Only the lines from the one that includes "Main Image - Teva" through the last line below belong in the reply, copied exactly and without pictures.
BEGIN THE DATA
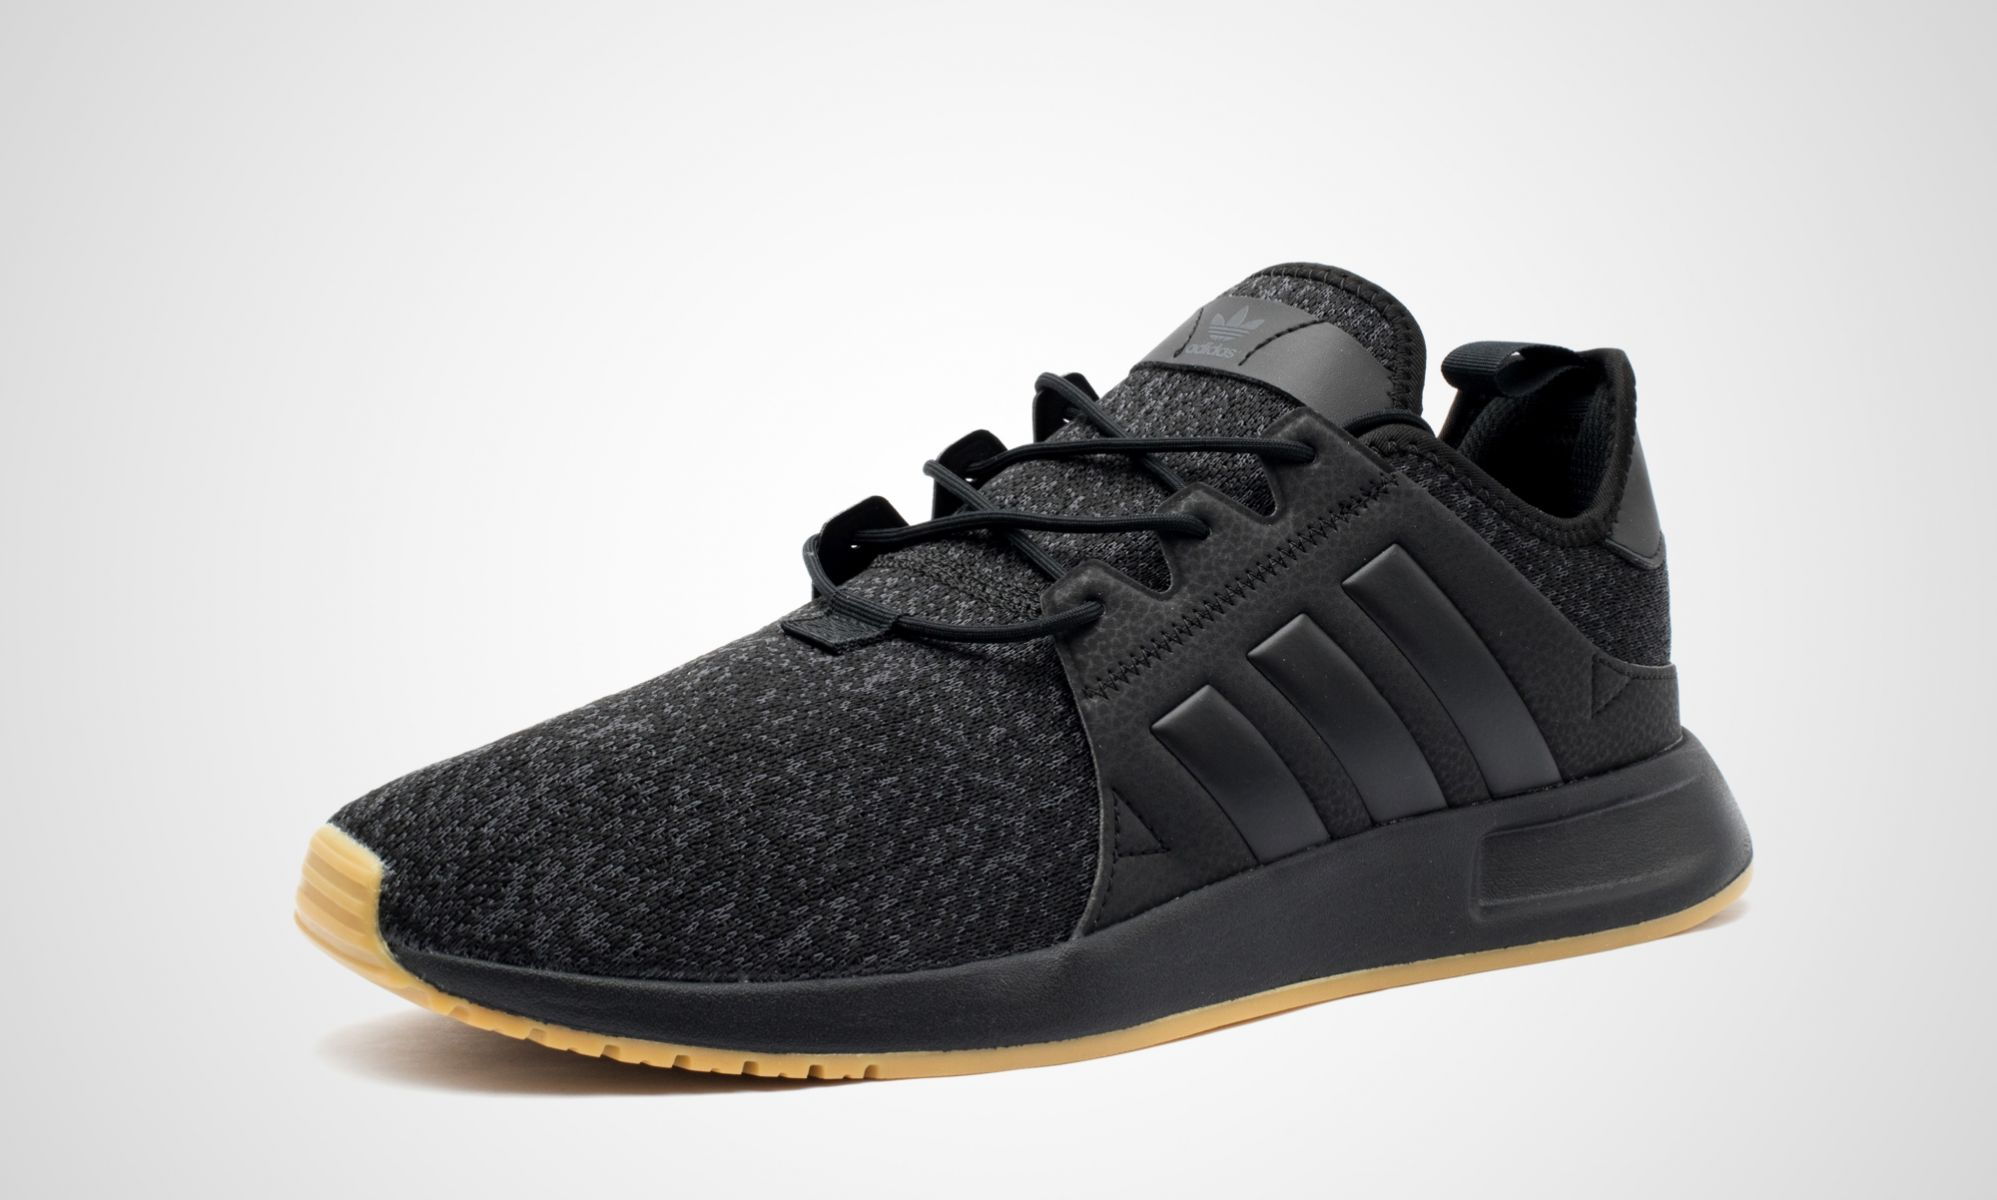 plr Adidas Trefoil X Originals Sportive Nero 2018 Uomo Sneakers Trainers Scarpe UUxBr8w1q
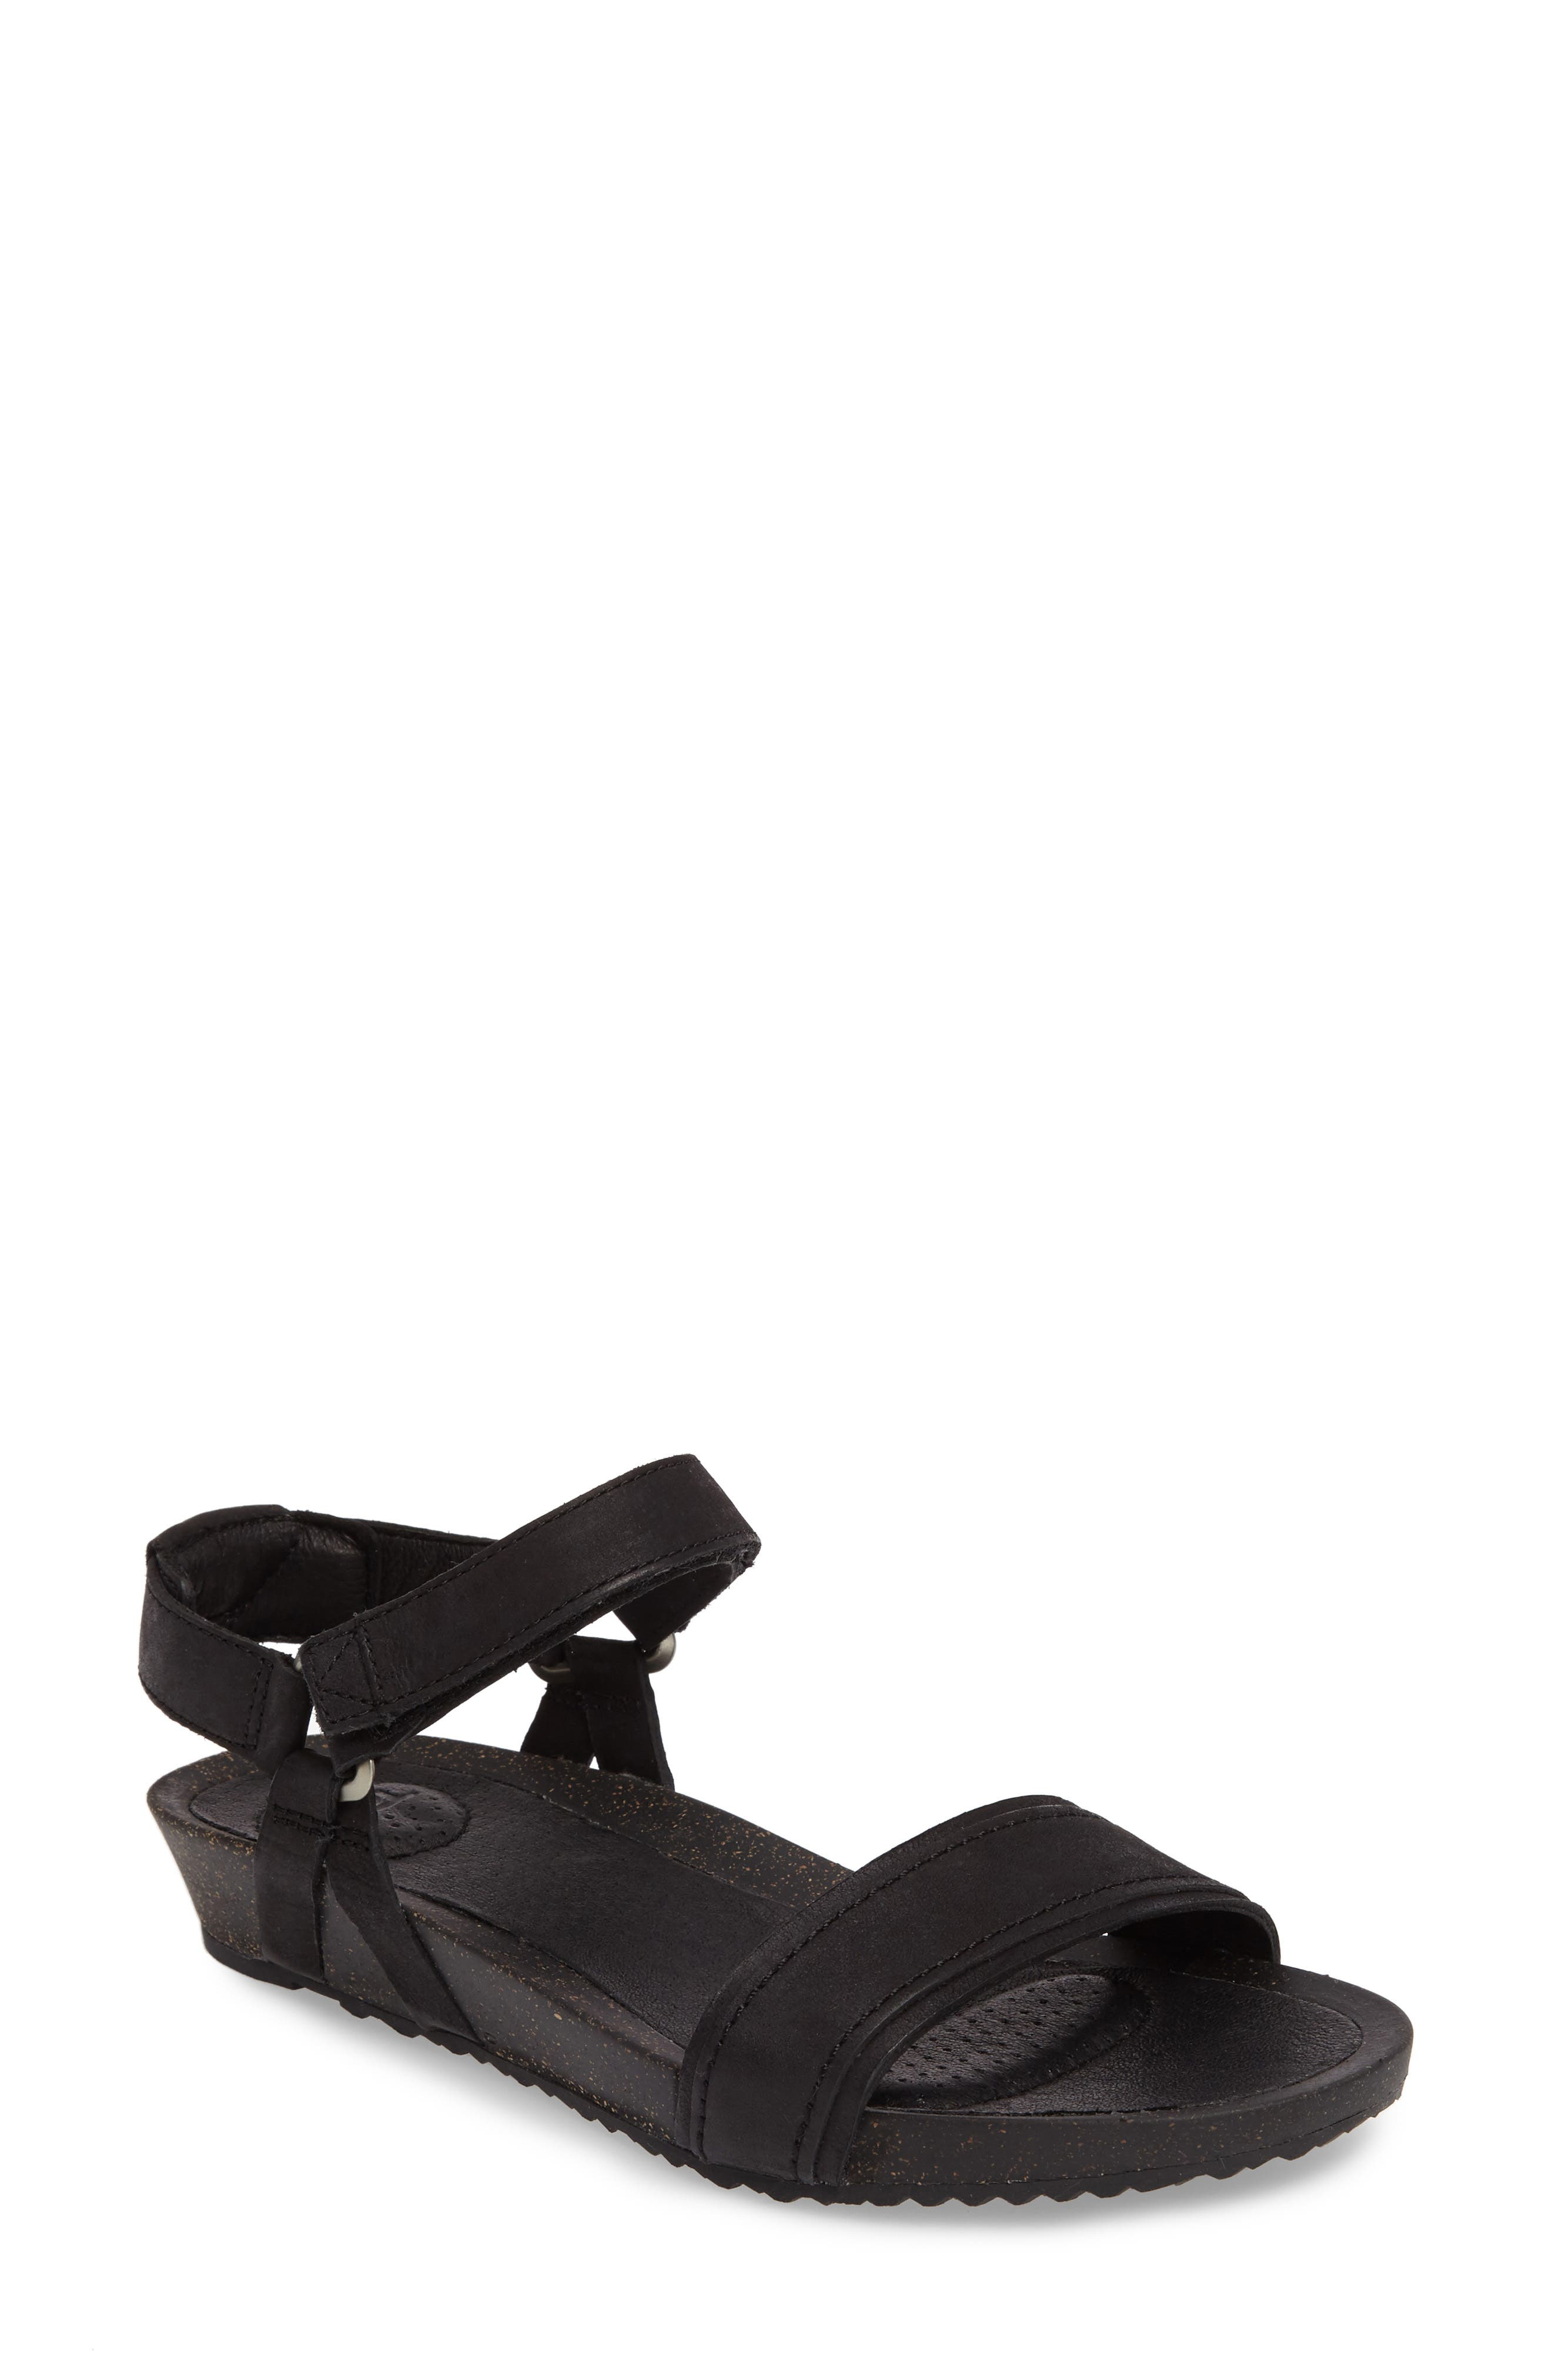 Main Image - Teva Ysidro Stitch Sandal (Women)
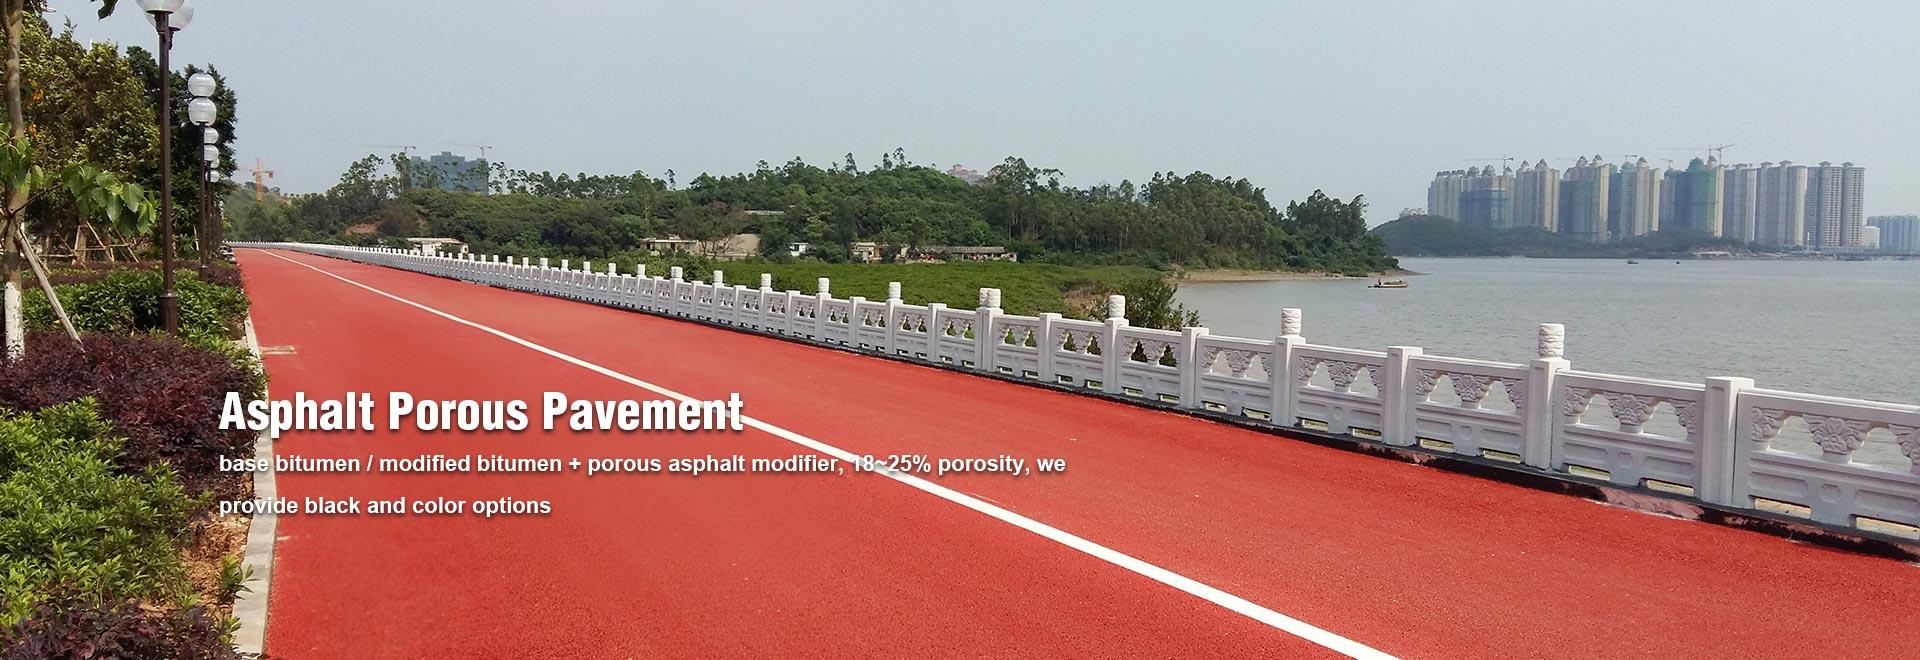 Black Asphalt Porous Pavement
END THE DATA
■ **SOLUTION FOR THIS EXERCISE**
 Main Image - Teva Ysidro Stitch Sandal (Women)
 Black Asphalt Porous Pavement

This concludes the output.